Yesterday, I came home to find this woman in my house. She was sitting in my favorite spot on the couch hunched forward with elbows on knees, her hands held up her head. She was counting out loud her tears as they dropped from her eyes straight onto the carpet, twenty-three, twenty-four, twenty-five. I pretended she wasn’t there and sat down on the opposite side of the couch, pulled a cigarette out of the plastic container that was on the living room table, flicked my Bic and lit my cigarette, I dropped the Bic to the floor and leaned back.
My eyes focused across the room to the computer screen where photographs were displayed one by one. There were photographs of what had long ago ceased to exist, a city where I no longer can be, the face of who I no longer know, and other faces I haven’t seen in person for years, some faces even more than that. Who are these people? What, what, filled my mind but I had nothing to say.
The cell phone rang and buzzed, I looked over to the woman who still hadn’t moved, why isn’t she answering the phone? She’s strange, I thought. I looked at the phone on the marble table and was hypnotized by the ring buzz combination. When the phone settled, I stood up, bent over and smashed the cigarette out in the ashtray, “that’s it for me,” I said, the woman started laughing but she didn’t move.
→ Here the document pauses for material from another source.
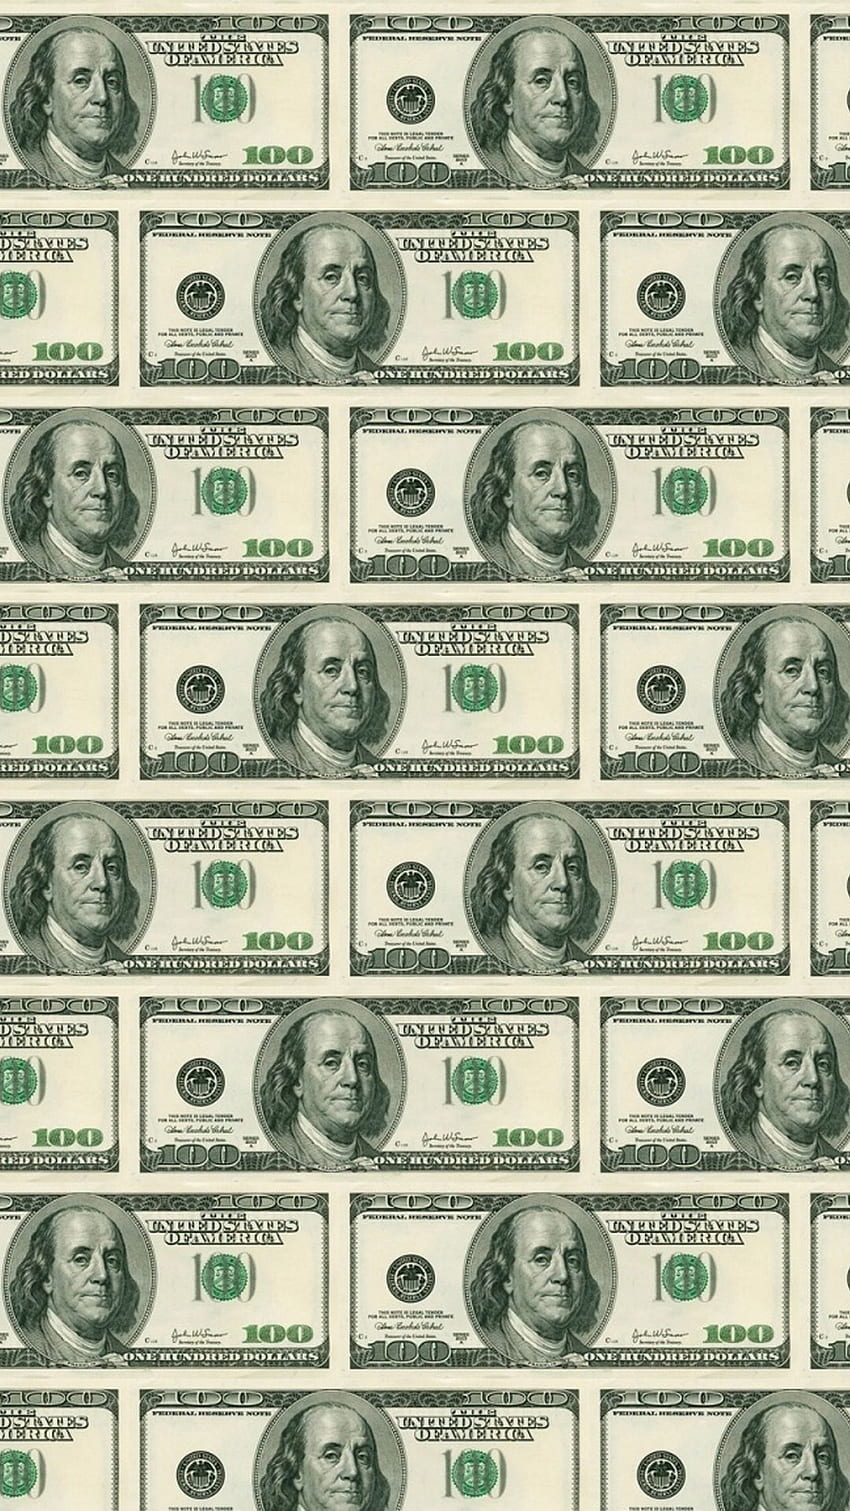 US Dollars IPhone 6 6 Plus And IPhone 5 4 HD phone wallpaper

I went through the open sliding glass door and stood on the back patio and wondered when the grass had died. I looked up to the sky and asked, as always, “how can the sky be blue in hell?” A bird flew overhead, loudly, I yelled over my shoulder to the woman inside, “wow, it’s a bird!” I can’t believe a bird flew by. I recalled the first and last time I saw a small airplane in the sky, so long ago, my gaze remained fixed on the sky. I thought whether anyone knew I’m alive? I should water the dead grass.
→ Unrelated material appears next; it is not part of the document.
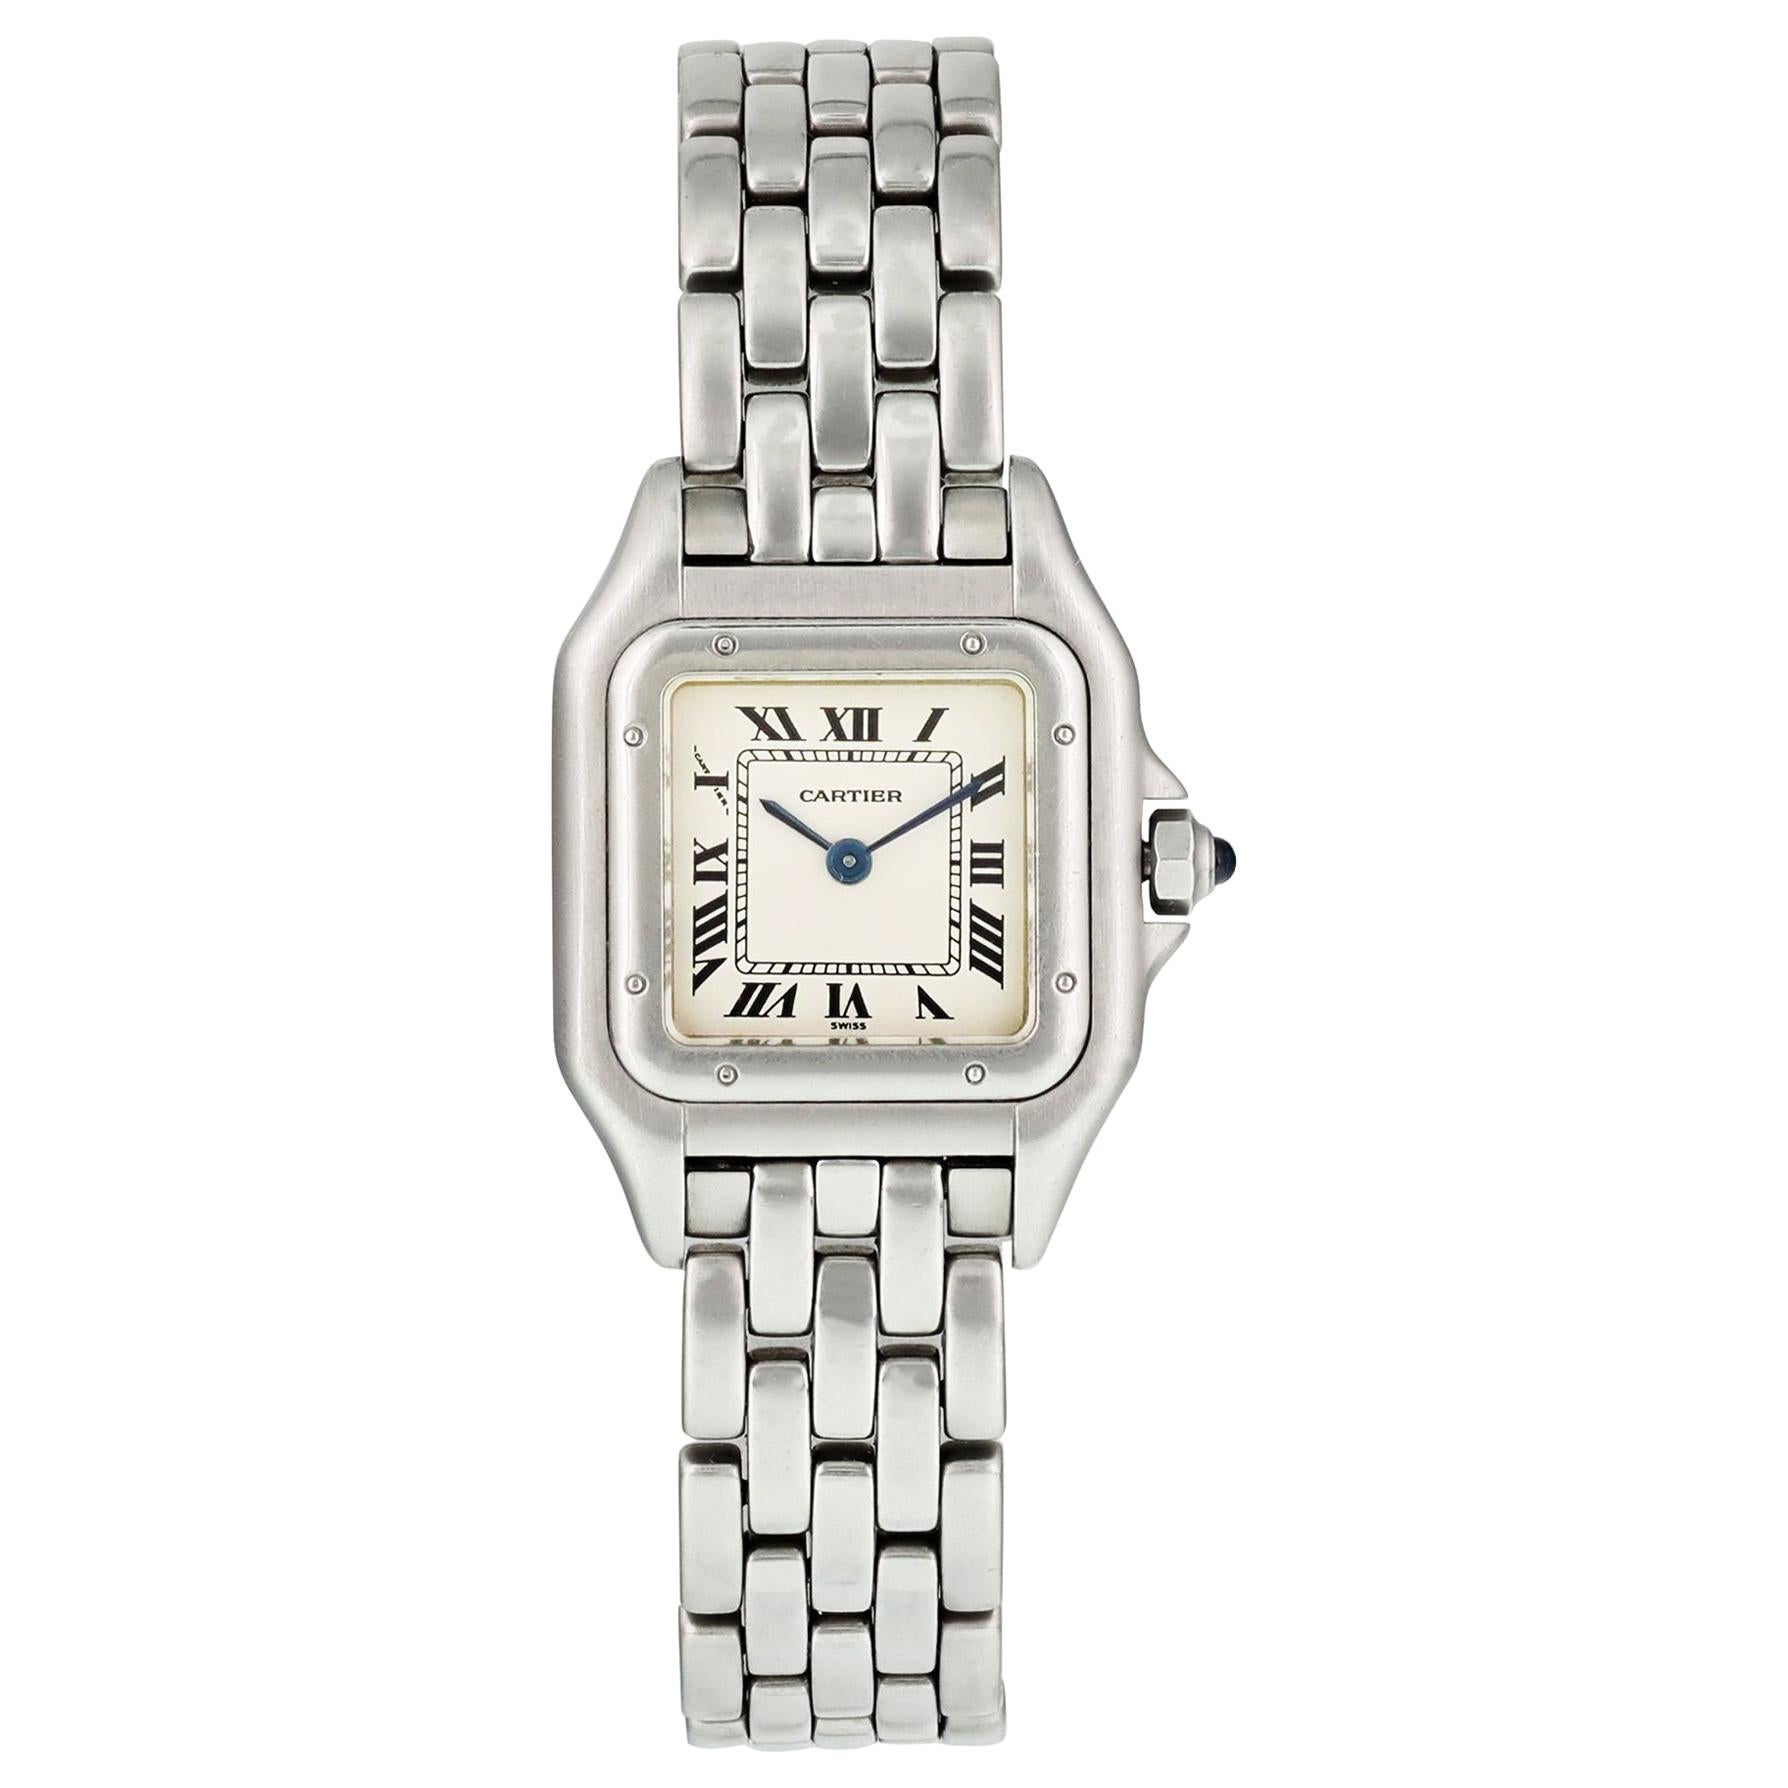 Cartier Panthere 1120 Stainless Steel Ladies Watch

When I turned on the water for the hose a stream of water shot out through a small cut in the hose and cold water hit the side of my leg. I always forget about that cut. I sprayed the water back and forth over the dead grass and counted each back and forth up to five, then I took a step back and started again. Between the old wooden boards of the fence are gaps, I looked for a moment at the one I used last year to witness the shooting across the street. Three, four, five. Someone started to yell, “Give me your hand, now! Stop, I said stop, give me your fucking hand.” I dropped the hose and went to the same gap. The deep voice repeated the command. I couldn’t see what was going on but I thought is was someone resisting the police. I climbed onto the garbage container and looked over the fence and across the street.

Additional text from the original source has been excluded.